┌─ Given data
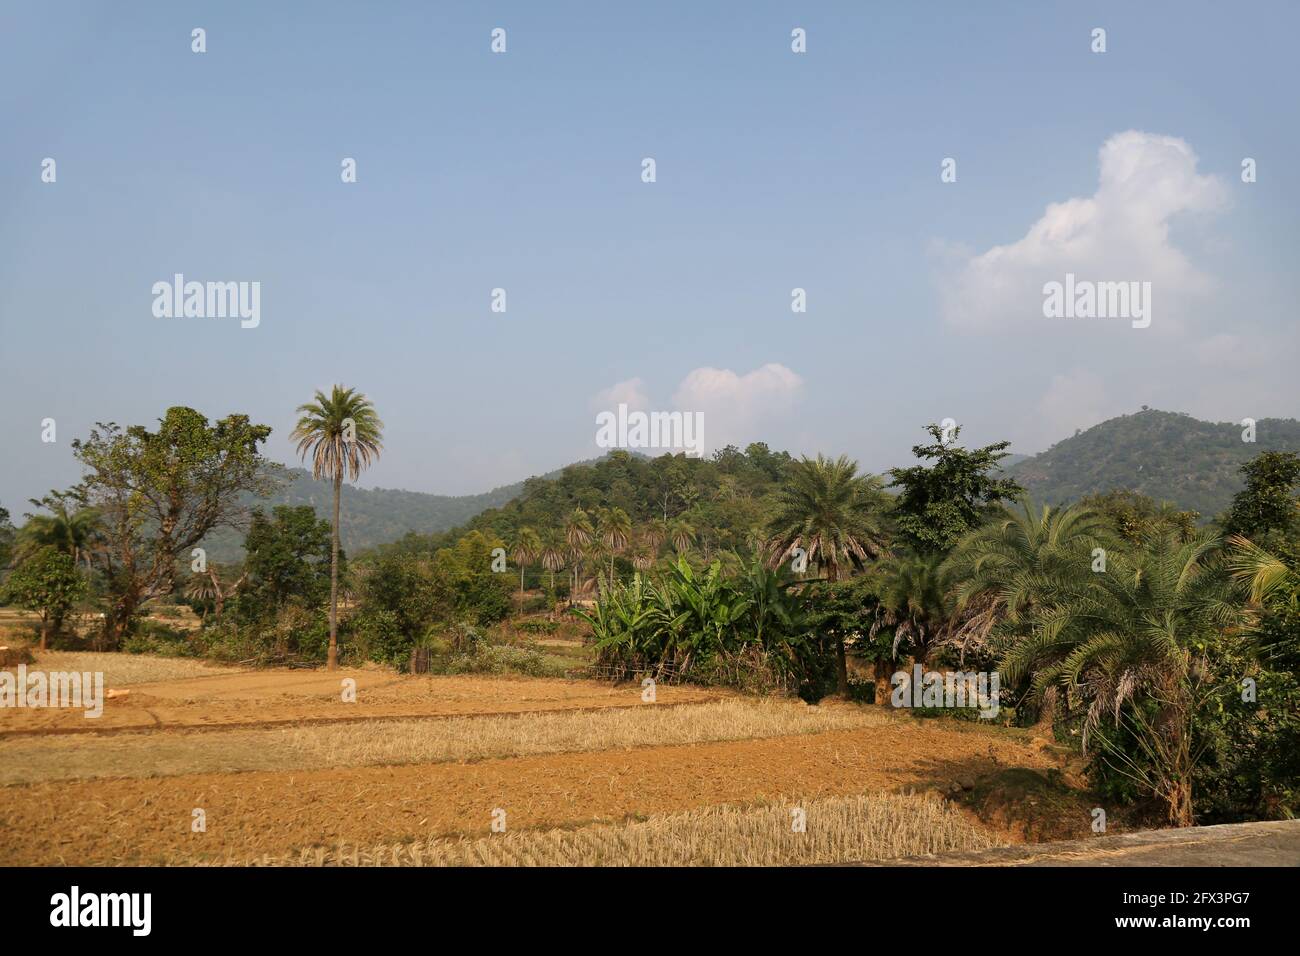 LANJIA SAORA TRIBE - Typical view of Paddy fields of Lanjia Saora tribe. They pursue shifting cultivation. Gunpur tribal village of Odisha, India Stock Photo
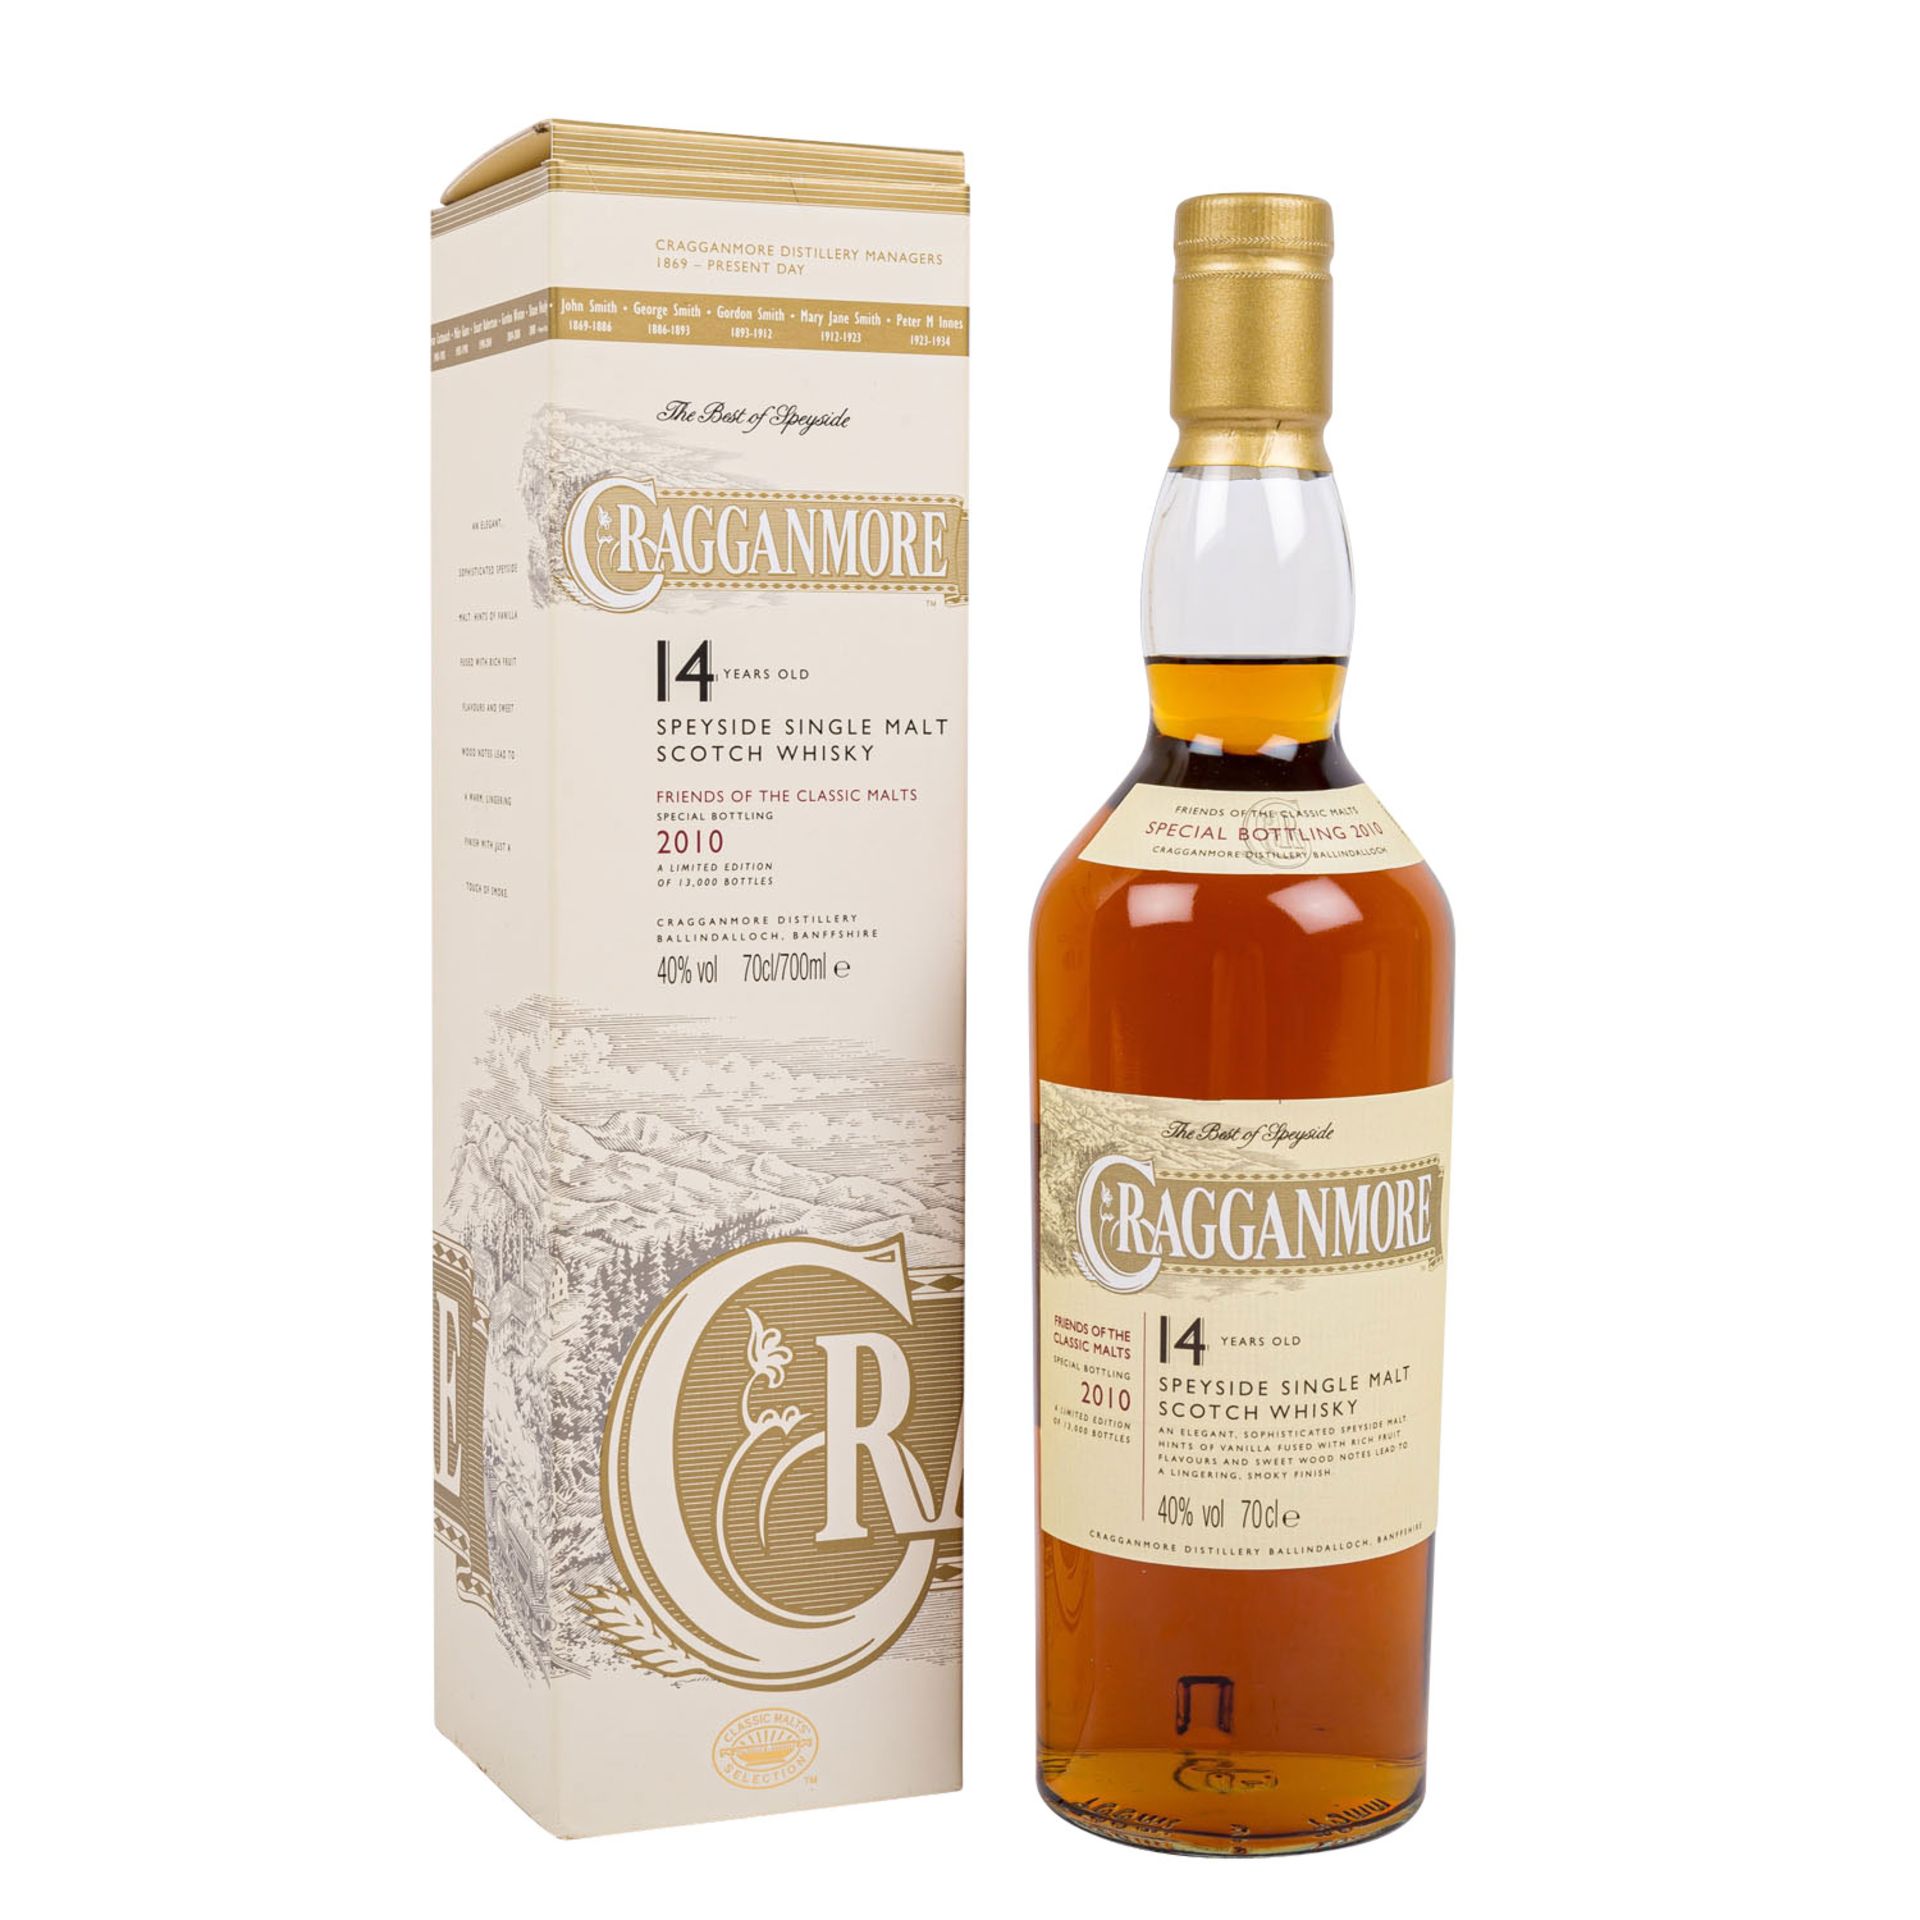 CRAGGANMORE Speyside Single Malt Scotch Whisky "14 Years Old"
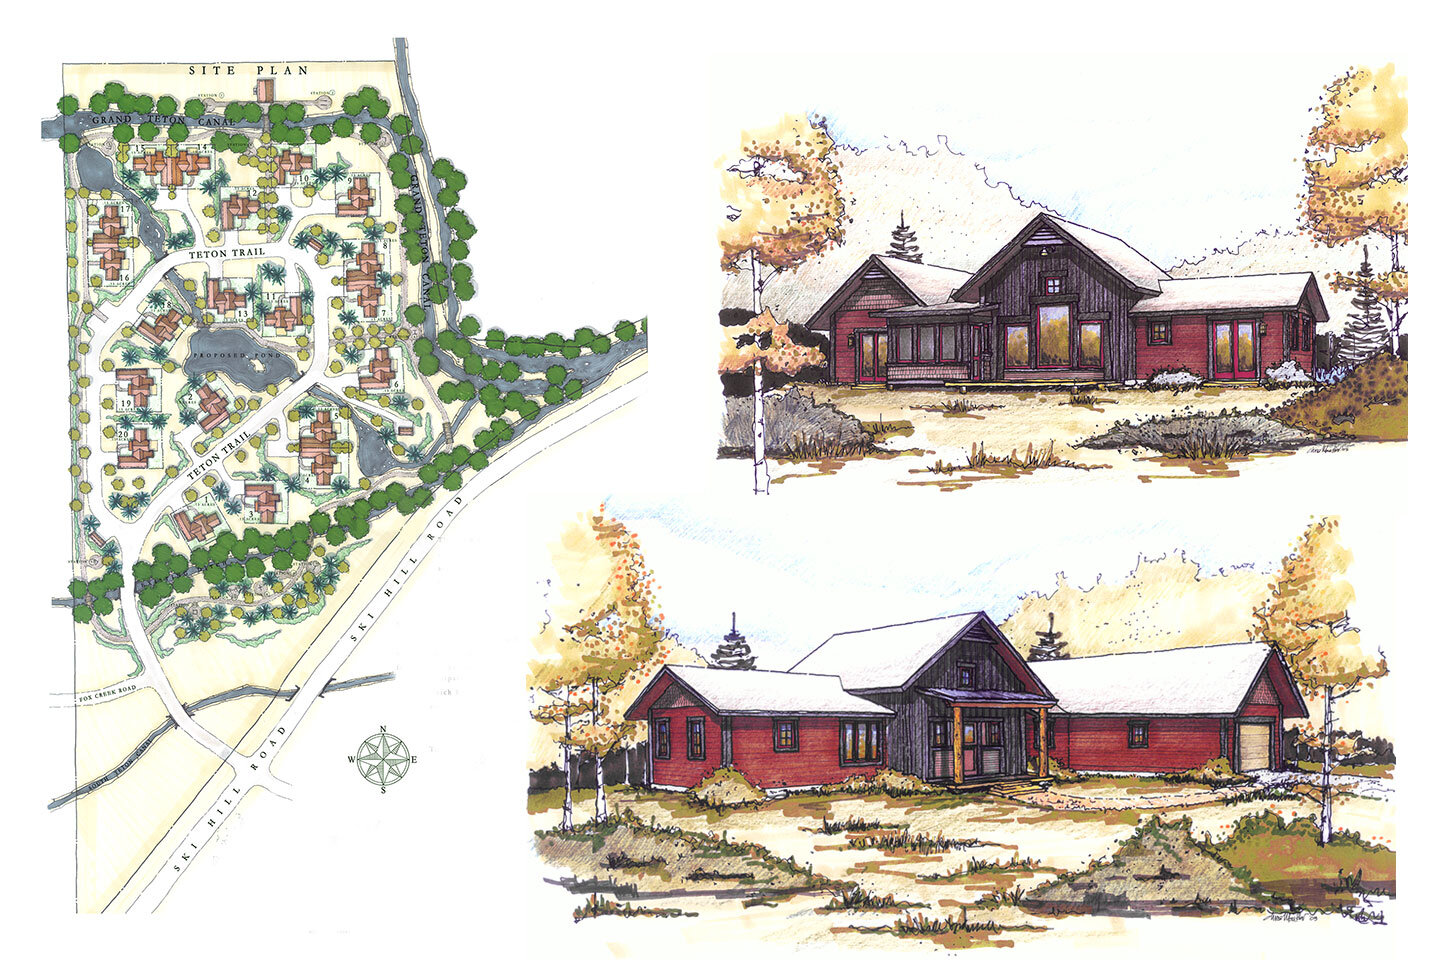 Master plan view and two sketches of townhome
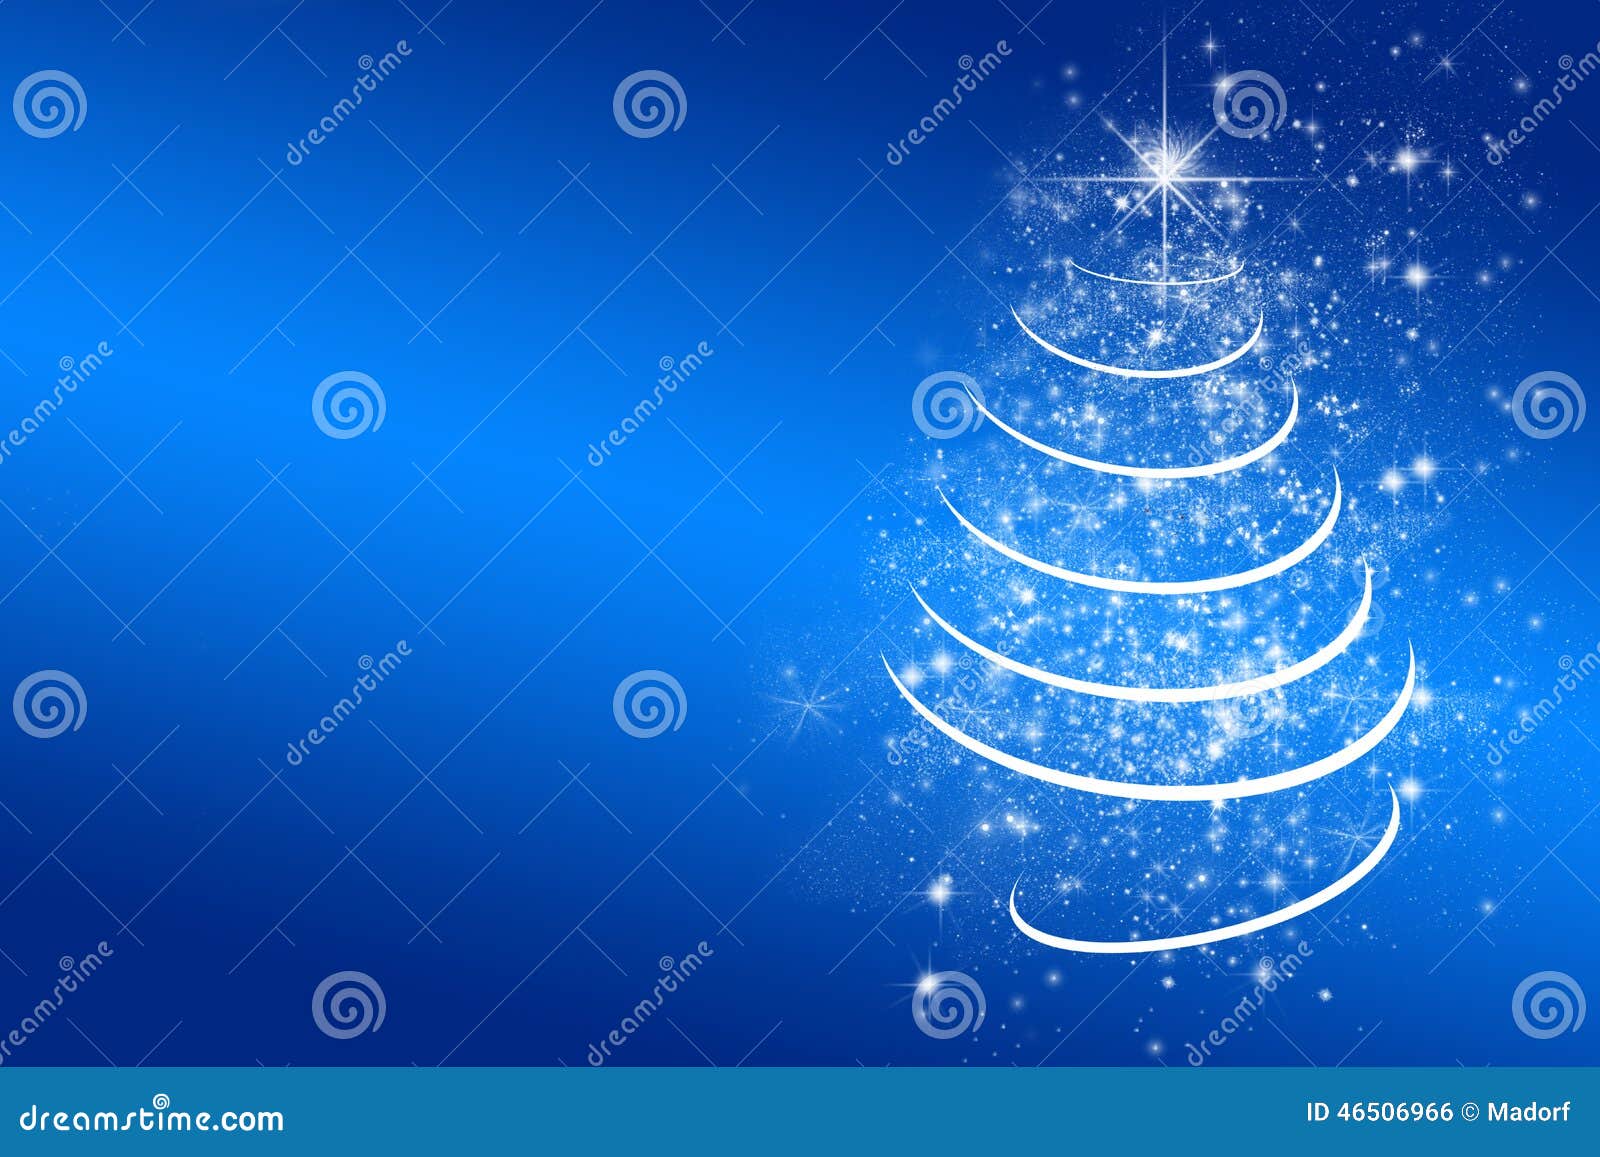 Blue Christmas Background With White Christmas Tree Stock
└─
### Aim of the task
Every line of the material must be reproduced verbatim; the pictures are to be omitted.

### Solved exercise
 LANJIA SAORA TRIBE - Typical view of Paddy fields of Lanjia Saora tribe. They pursue shifting cultivation. Gunpur tribal village of Odisha, India Stock Photo
 CRAGGANMORE Speyside Single Malt Scotch Whisky "14 Years Old"
 Master plan view and two sketches of townhome
 Blue Christmas Background With White Christmas Tree Stock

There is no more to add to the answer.